Data supplied:
- - -

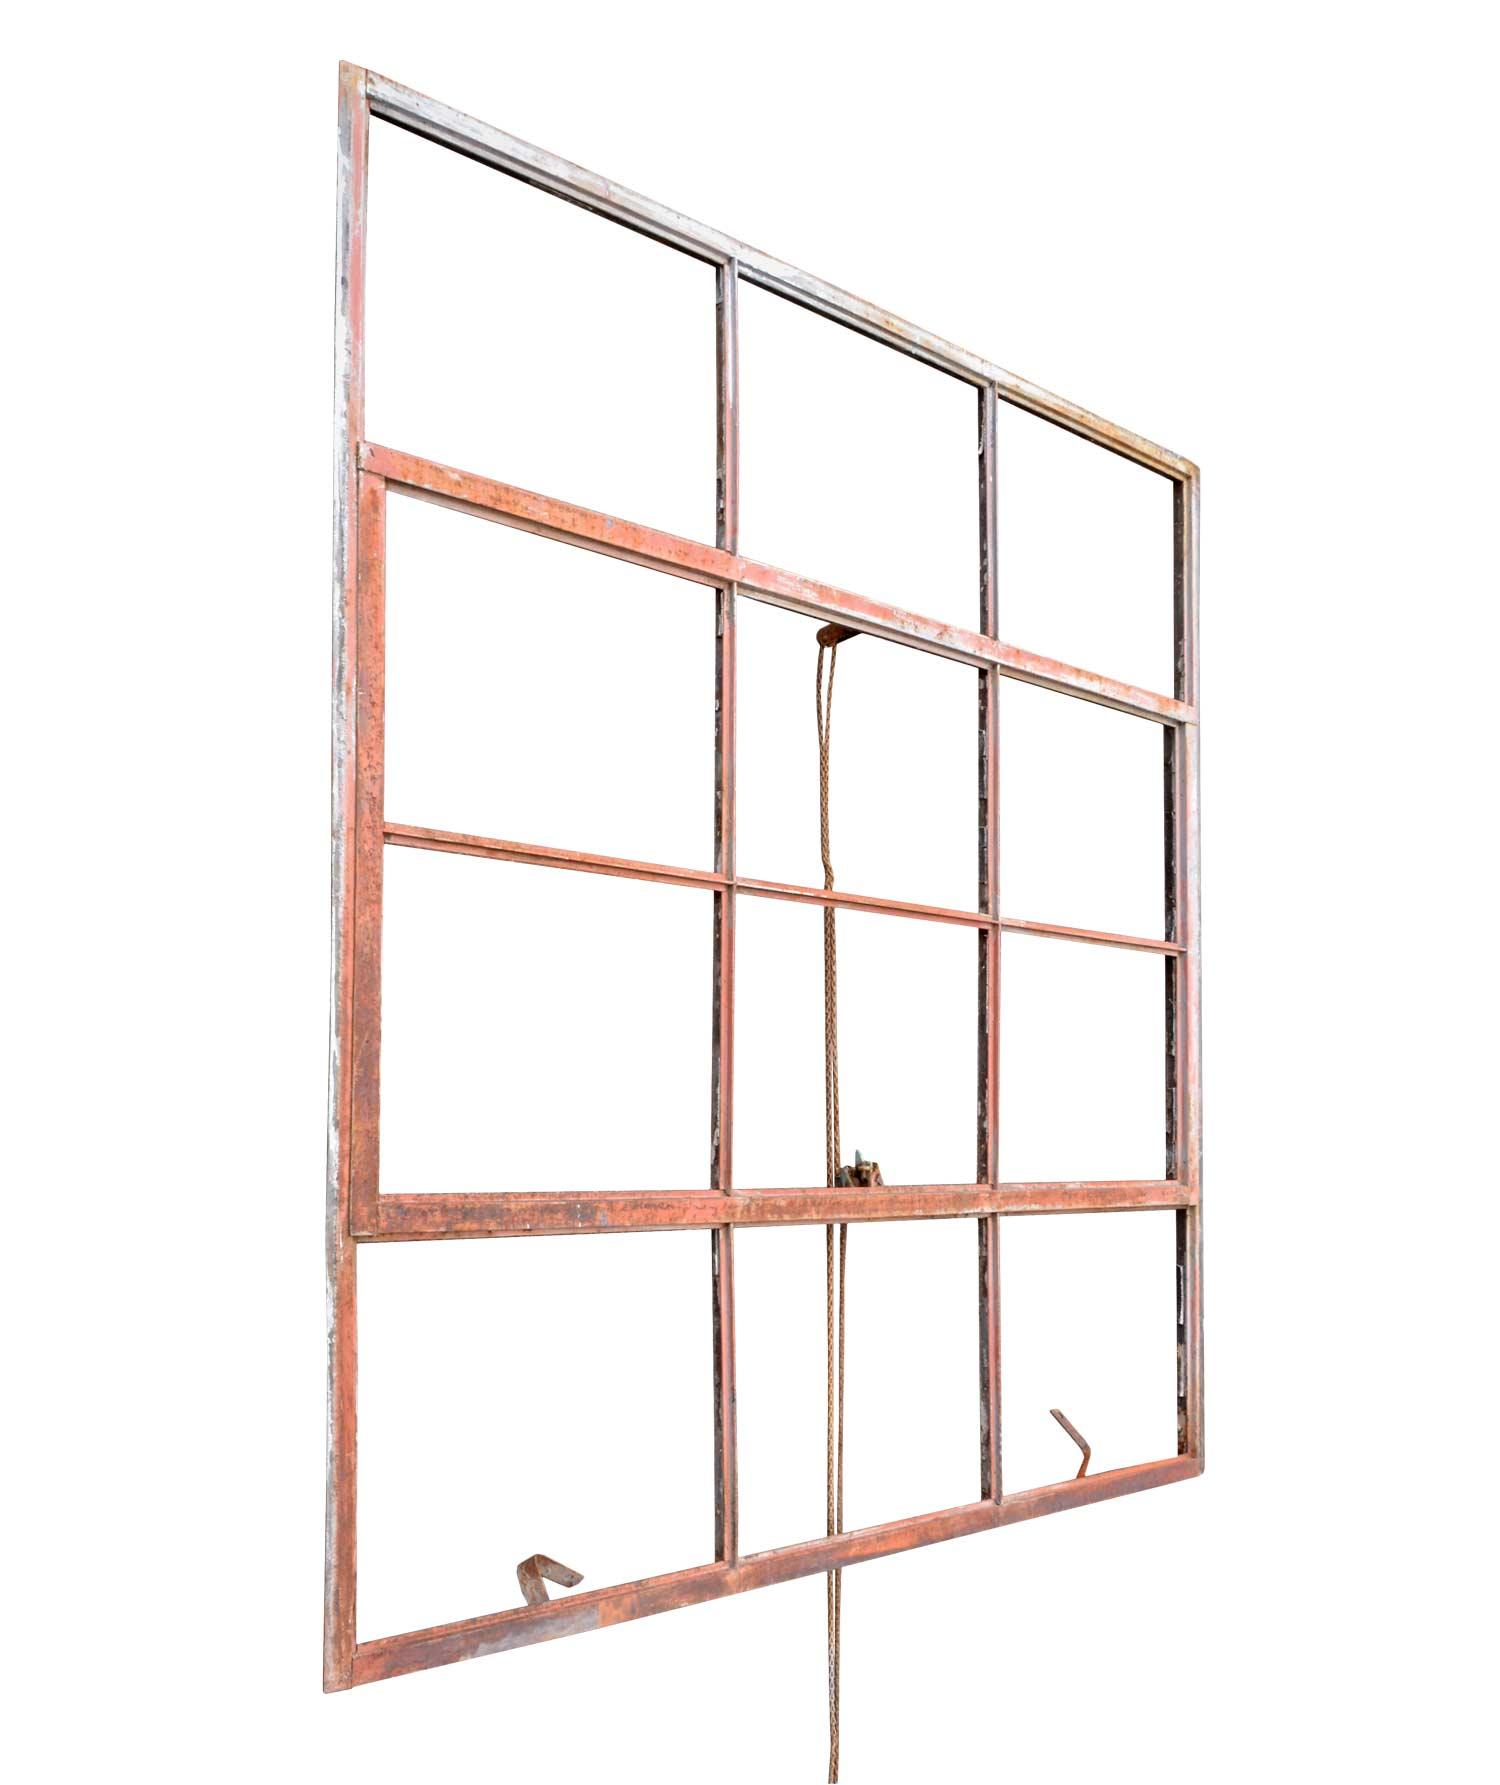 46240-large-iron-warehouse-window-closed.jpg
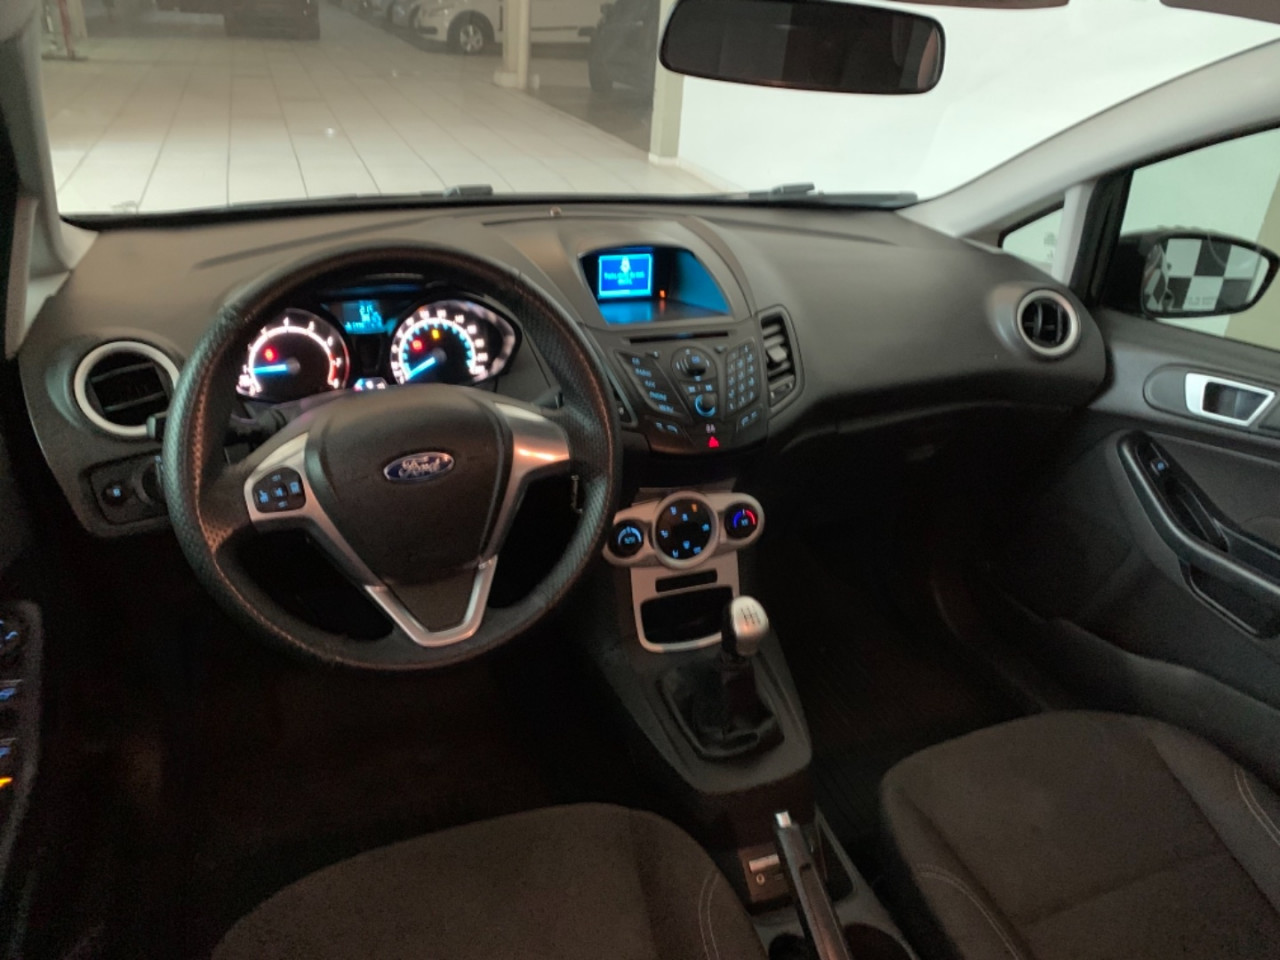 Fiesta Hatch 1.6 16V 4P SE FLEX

- - -

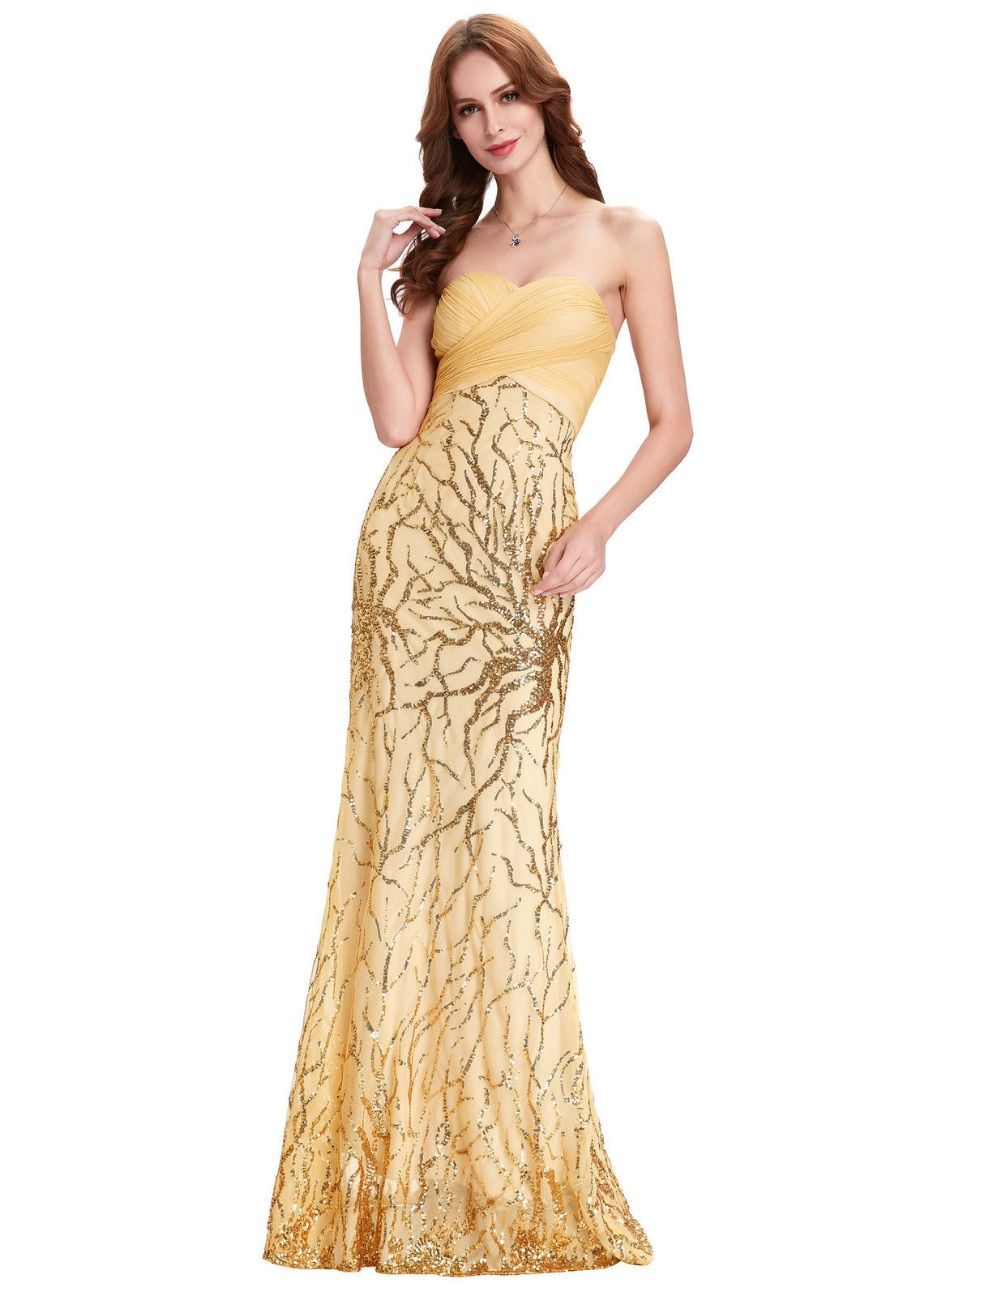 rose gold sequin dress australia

- - -

From the records above, copy exactly the lines starting at the one with "46240-large-iron-warehouse-window-closed.jpg" and ending at the one with "Fiesta Hatch 1.6 16V 4P SE FLEX", and no others. Pictures stay out.

 46240-large-iron-warehouse-window-closed.jpg
 Fiesta Hatch 1.6 16V 4P SE FLEX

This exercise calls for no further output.